Below is a listing with pictures in it; transcribe exactly the lines from the one that has "Доброе утро мир." through the one that has "Soudal Cutting Oil 400ml", and omit those pictures.

Provided records.
# # # #

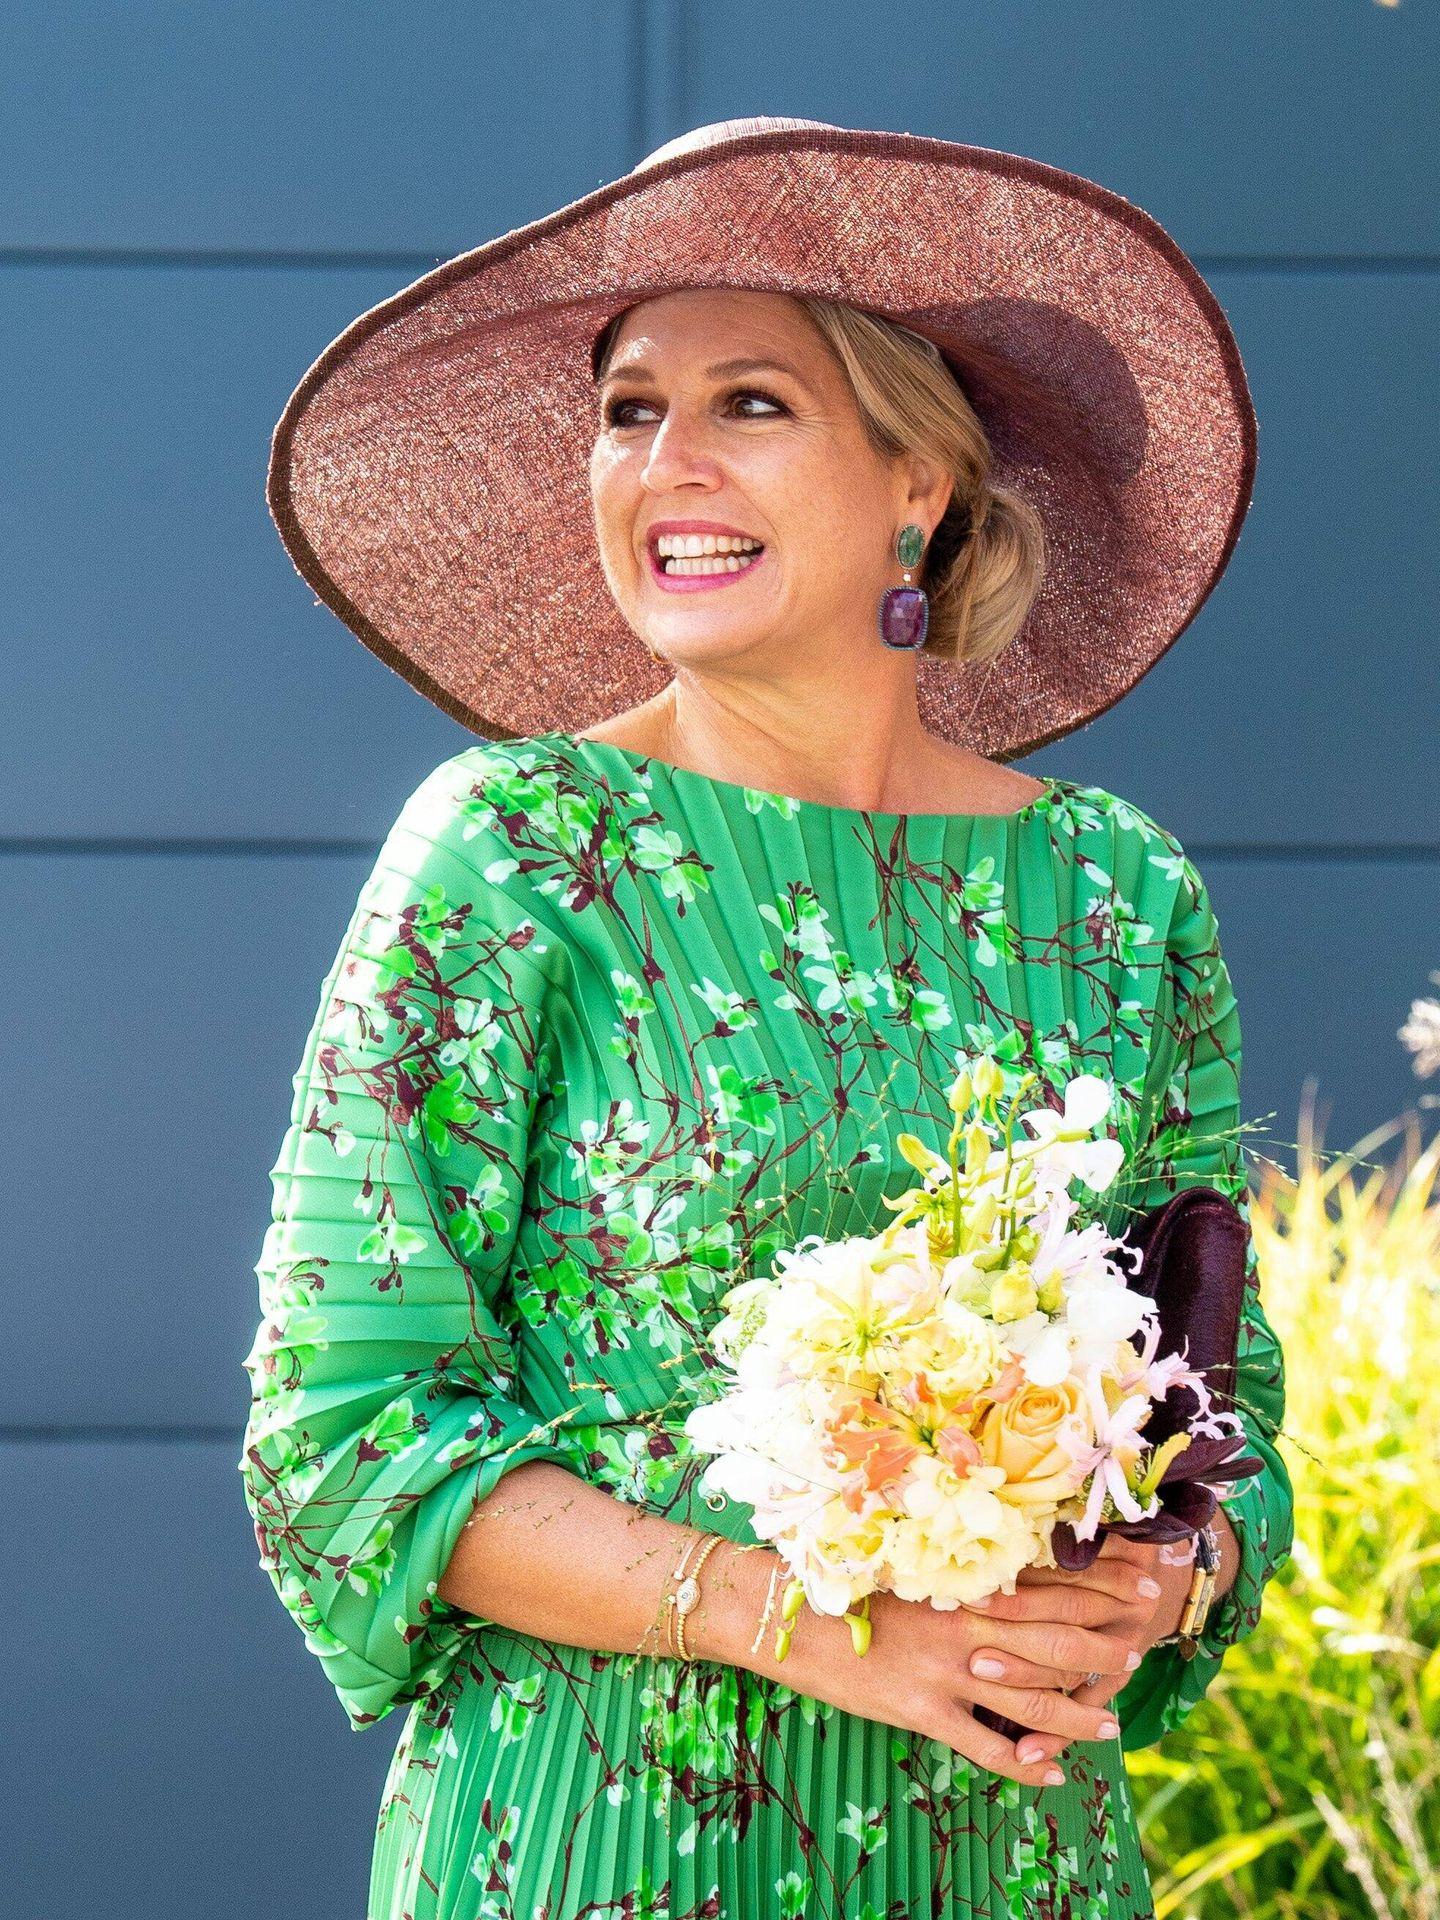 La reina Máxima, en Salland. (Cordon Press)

# # # #

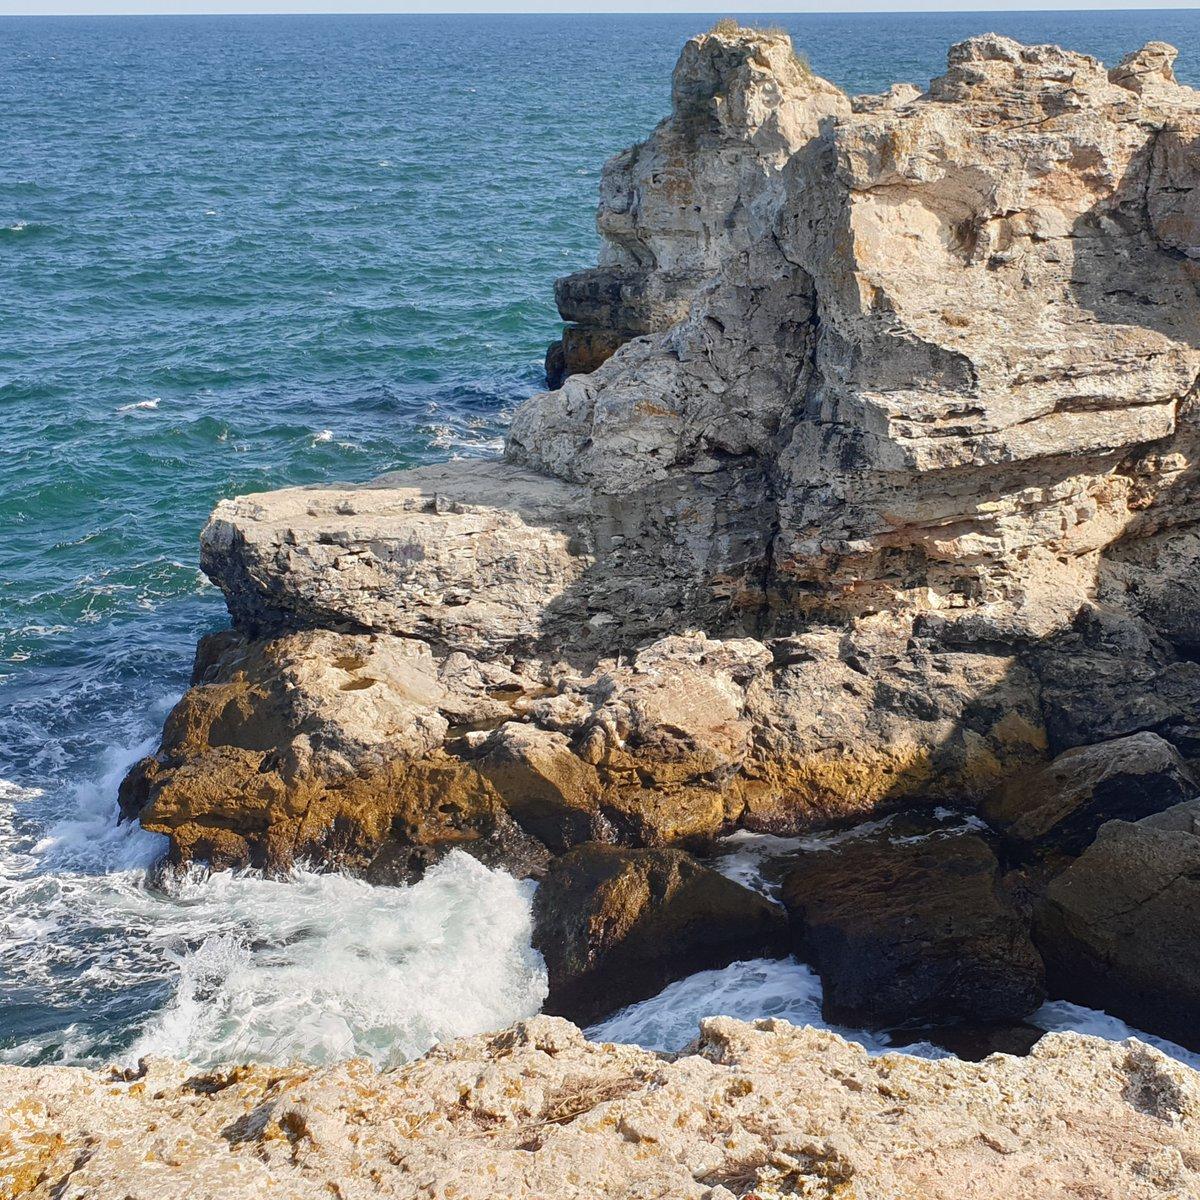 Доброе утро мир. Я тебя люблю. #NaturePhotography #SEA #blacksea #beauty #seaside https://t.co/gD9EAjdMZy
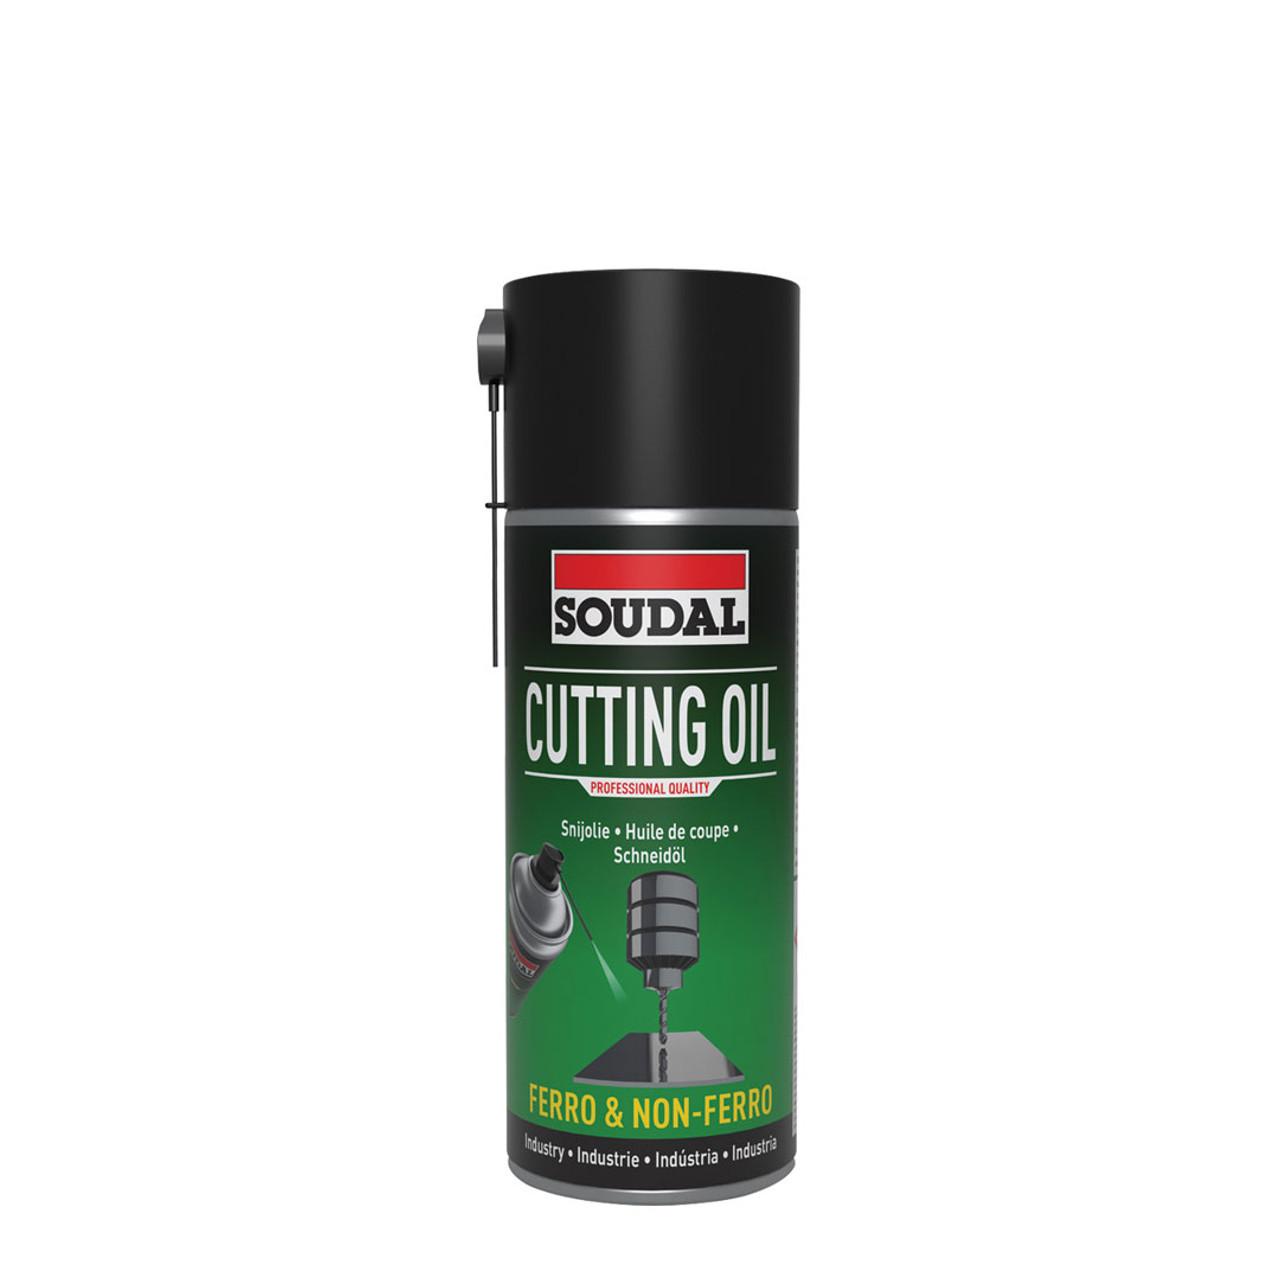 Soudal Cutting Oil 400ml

# # # #

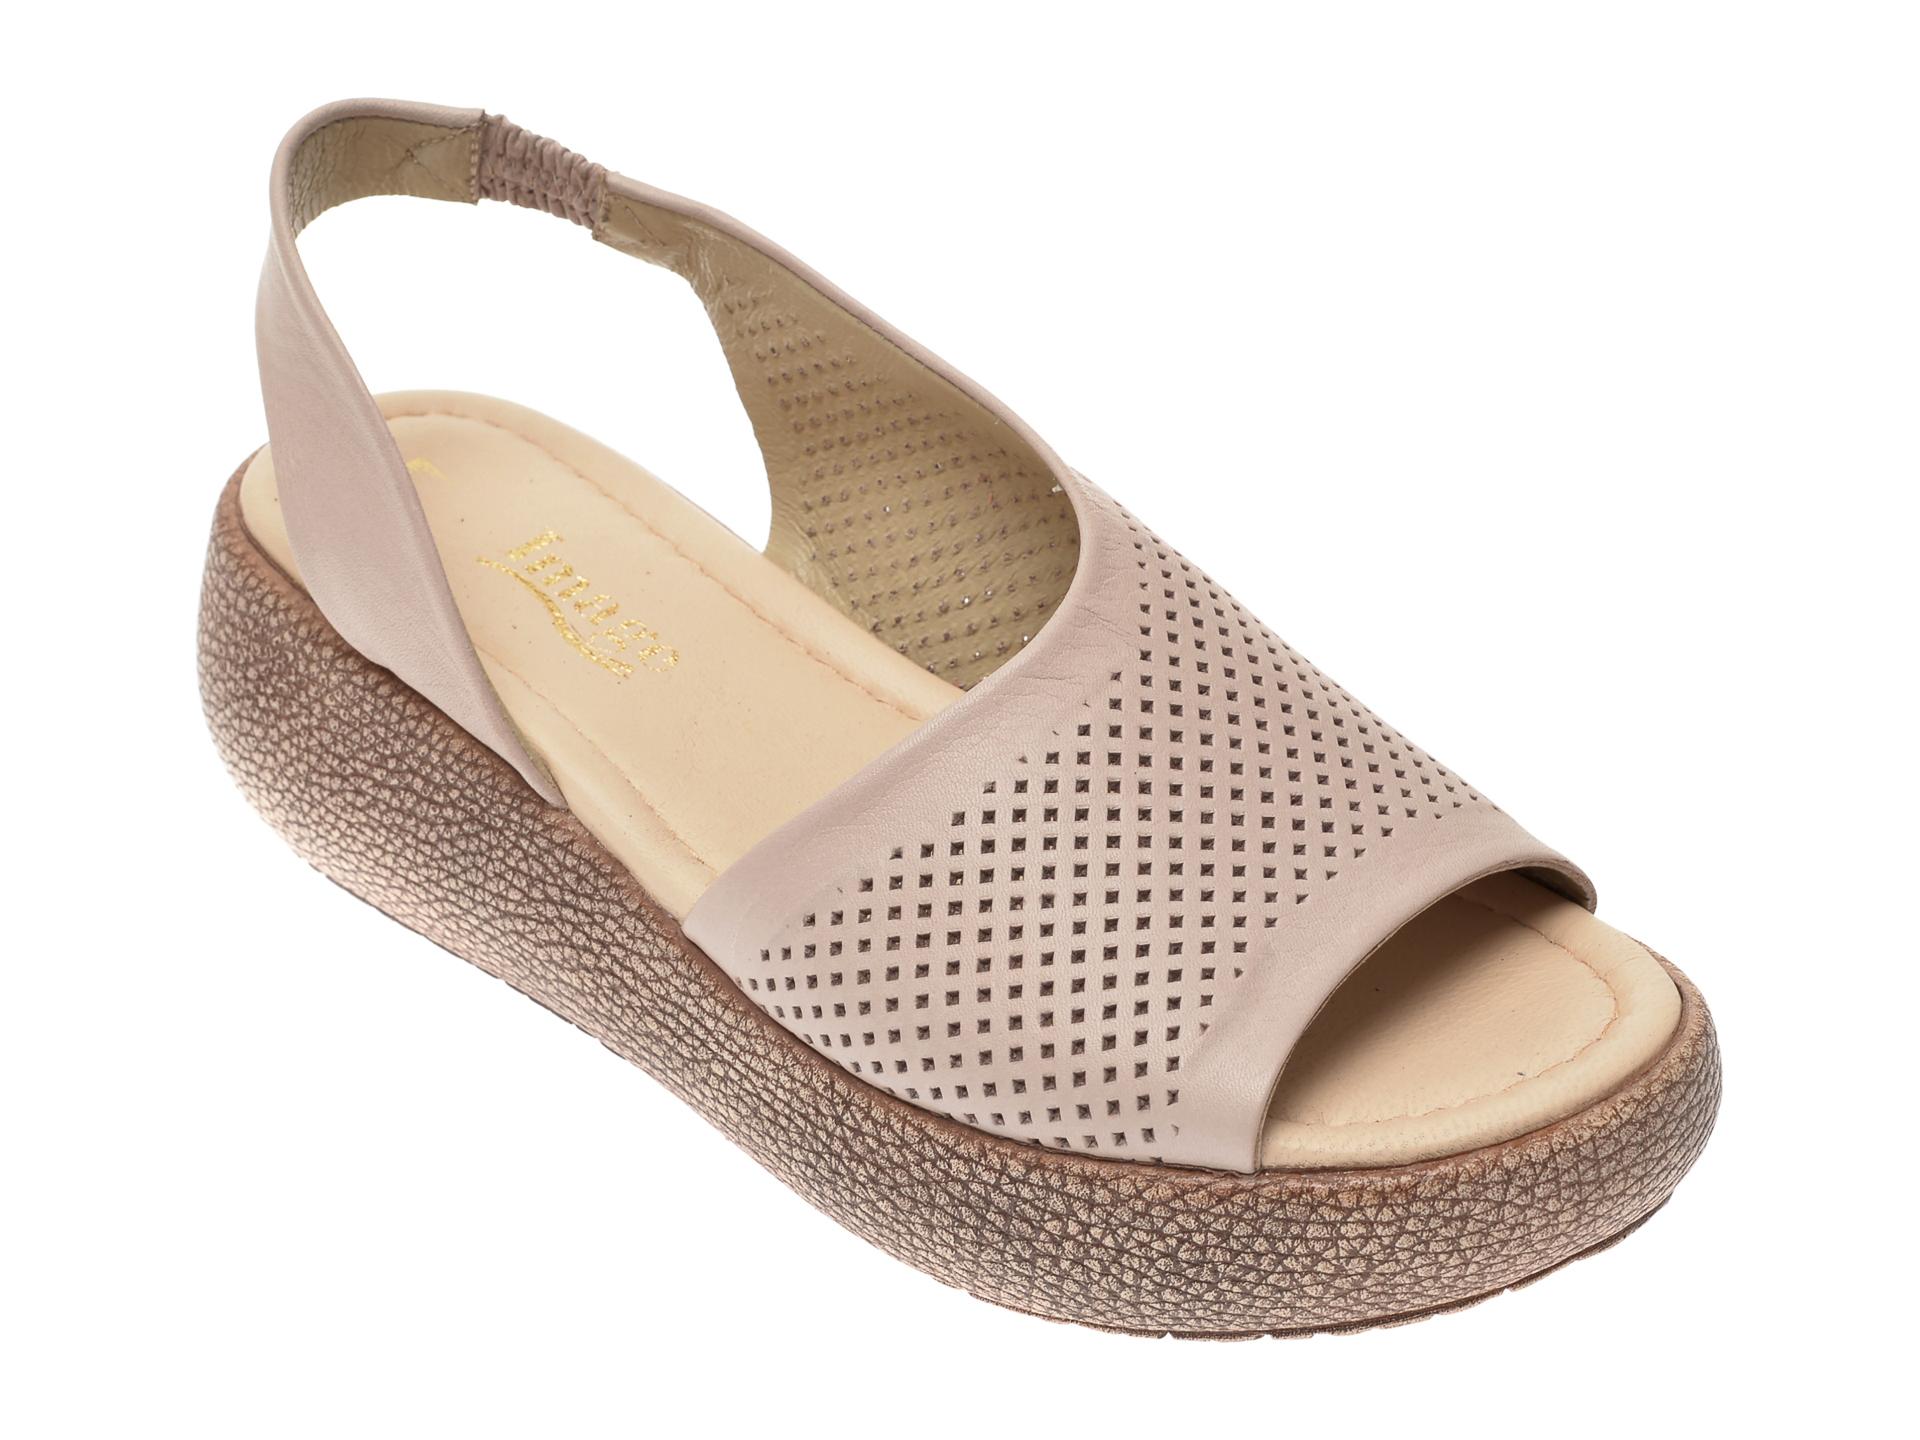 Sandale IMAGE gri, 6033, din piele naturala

# # # #

Solution for this problem.
 Доброе утро мир. Я тебя люблю. #NaturePhotography #SEA #blacksea #beauty #seaside https://t.co/gD9EAjdMZy
 Soudal Cutting Oil 400ml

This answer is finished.